Concatenated Doc2Vec models
index | dm model id | dbow model id | accuracy |
---|---|---|---|
1 | 15 | 18 | 84.1% |
2 | 15 | 20 | 84.4% |
index | classifier | features | accuracy (%) | variance (*e-3) |
---|---|---|---|---|
(1) | NB | unigrams | 81.15 | .635 |
(2) | NB | bigrams | 80.85 | .675 |
(3) | NB | uni/bigrams | 82.25 | .771 |
(4) | SVM | unigrams | 83.40 | .544 |
(5) | SVM | bigrams | 80.90 | .509 |
(6) | SVM | uni/bigrams | 84.10 | .709 |
(7) | SVM | DM | 83.25 | .476 |
(8) | SVM | DBOW | 89.35 | .345 |
(9) | SVM | DM/DBOW | 84.15 | .394 |
where (1) to (6) are the baseline system in our experiment. We can see that SVM using unigrams and bigrams achieve the best preformance in the baseline, and SVM using document embeddings DBOW achieve the overall best performance.
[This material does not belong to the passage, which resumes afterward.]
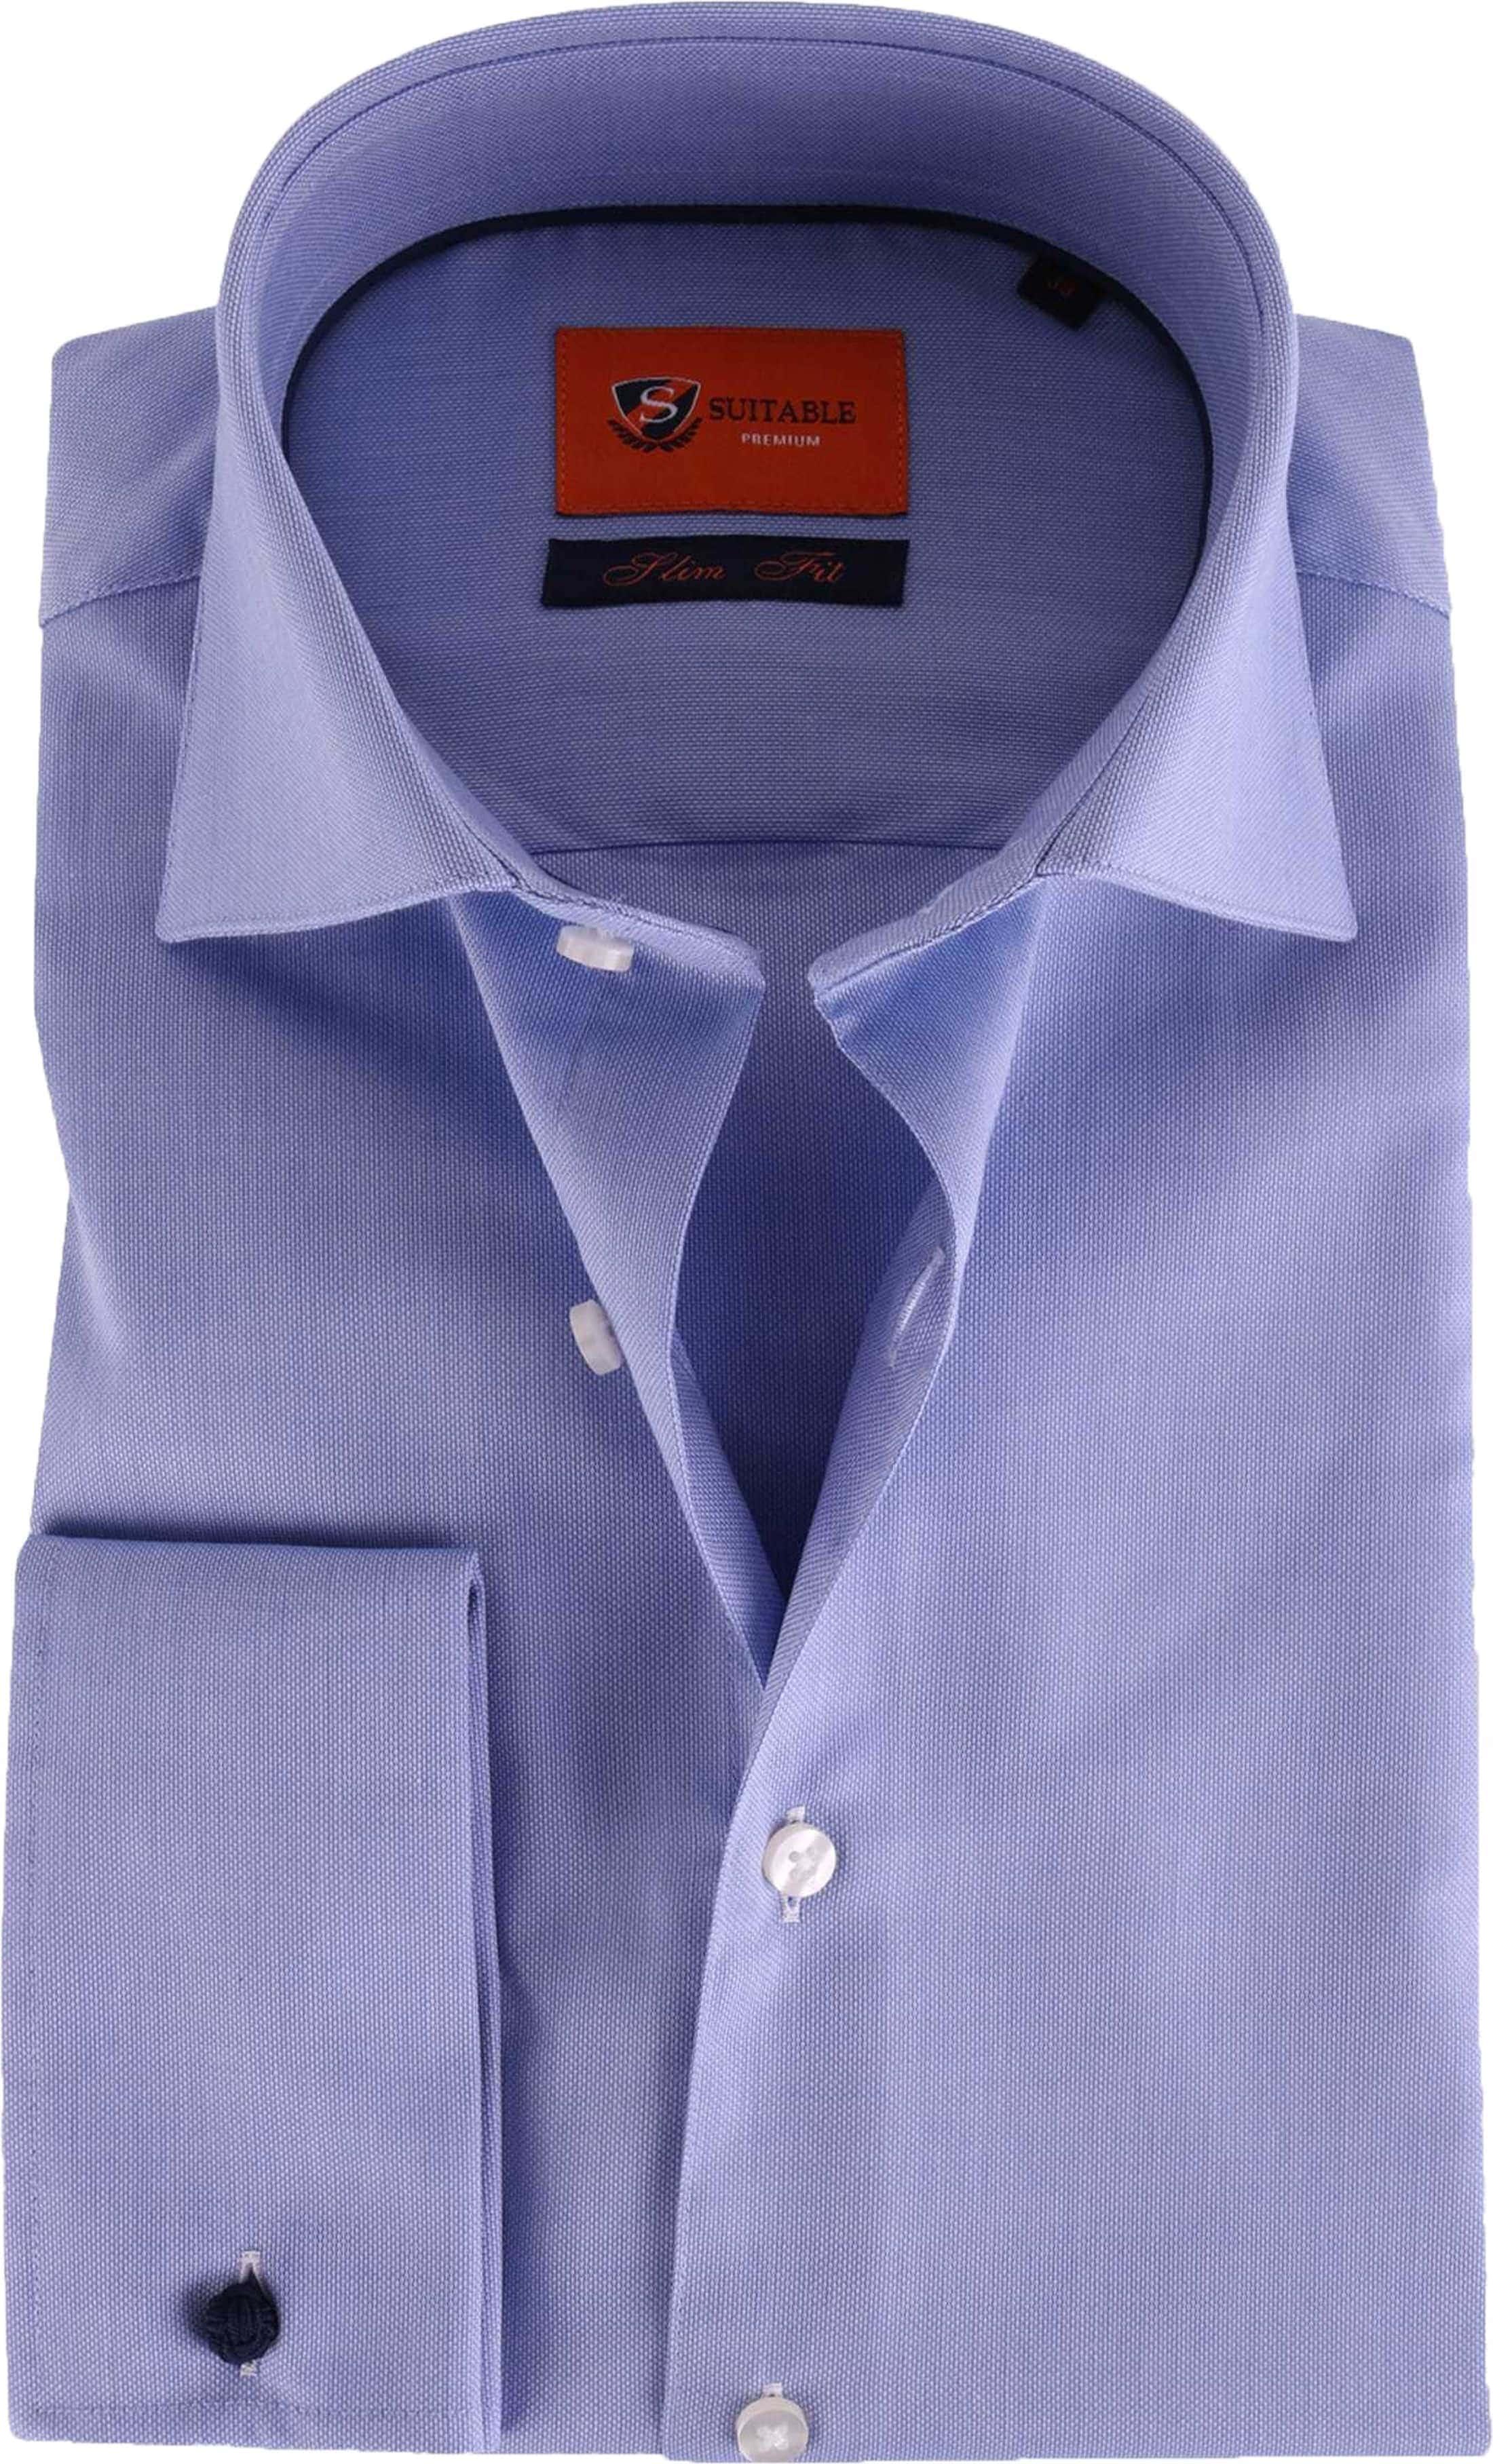 Overhemd Blauw.Dubbelmanchet Overhemd Blauw 52 21 52 21 Easycare Dc Sf Blstr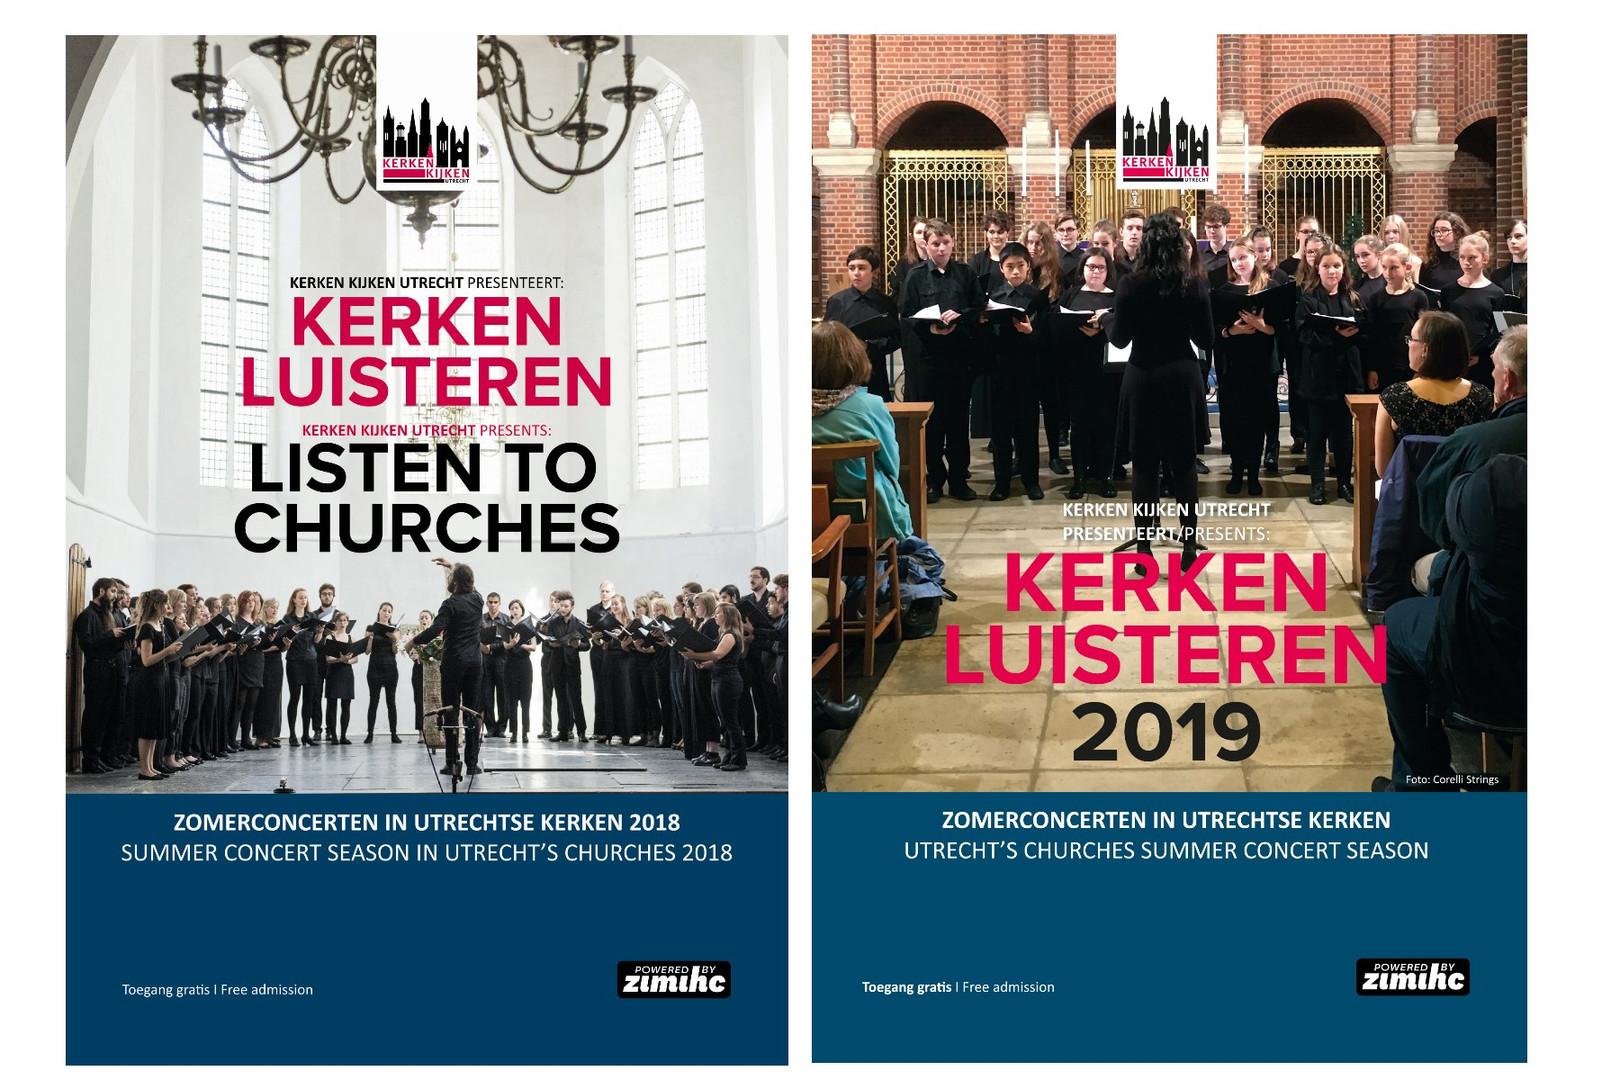 Kerken Luisteren

Monte Carlo Permutation Test
1 | 2 | 3 | 4 | 5 | 6 | 7 | 8 | 9 | |
---|---|---|---|---|---|---|---|---|---|
1 | - | 1.0 | 0.7780 | 0.0002 | 0.0002 | 0.0002 | 0.0002 | 0.0002 | 0.0002 |
2 | 1.0 | - | 0.6839 | 0.0002 | 0.0002 | 0.0002 | 0.0002 | 0.0002 | 0.0002 |
3 | 0.7703 | 0.6709 | - | 0.0002 | 0.0002 | 0.0002 | 0.0002 | 0.0002 | 0.0002 |
4 | 0.0002 | 0.0002 | 0.0002 | - | 0.4757 | 0.6863 | 0.8430 | 0.6810 | 0.9198 |
5 | 0.0002 | 0.0002 | 0.0002 | 0.4831 | - | 0.8412 | 0.6845 | 0.8352 | 0.6247 |
6 | 0.0002 | 0.0002 | 0.0002 | 0.7040 | 0.8446 | - | 0.9210 | 1.0 | 0.8486 |
7 | 0.0002 | 0.0002 | 0.0002 | 0.8384 | 0.6903 | 0.9162 | - | 0.9284 | 1.0 |
8 | 0.0002 | 0.0002 | 0.0002 | 0.6895 | 0.8454 | 1.0 | 0.9240 | - | 0.8340 |
9 | 0.0002 | 0.0002 | 0.0002 | 0.9256 | 0.6449 | 0.8418 | 1.0 | 0.8447 | - |
We can see that SVM classifiers all significantly outperform NB classifiers.
According to Le & Mikolov 2014, PV-DM alone usually works well for most tasks (with state-of-art performance), but its combination with PV-DBOW is usually more consistent across many tasks that they tried and therefore strongly recommended.
In this project, however, contrary to the results of the paper, PV-DBOW alone performs as good as anything else. Concatenating vectors from different models only sometimes offers a tiny predictive improvement - and stays generally close to the best-performing solo model included.
re-inferring doc-vectors Because the bulk-trained vectors has much of their training early, when the model itself was still settling, it is sometimes the case that rather than using the bulk-trained vectors, new vectors re-inferred from the final state of the model serve better as data for downstream tasks.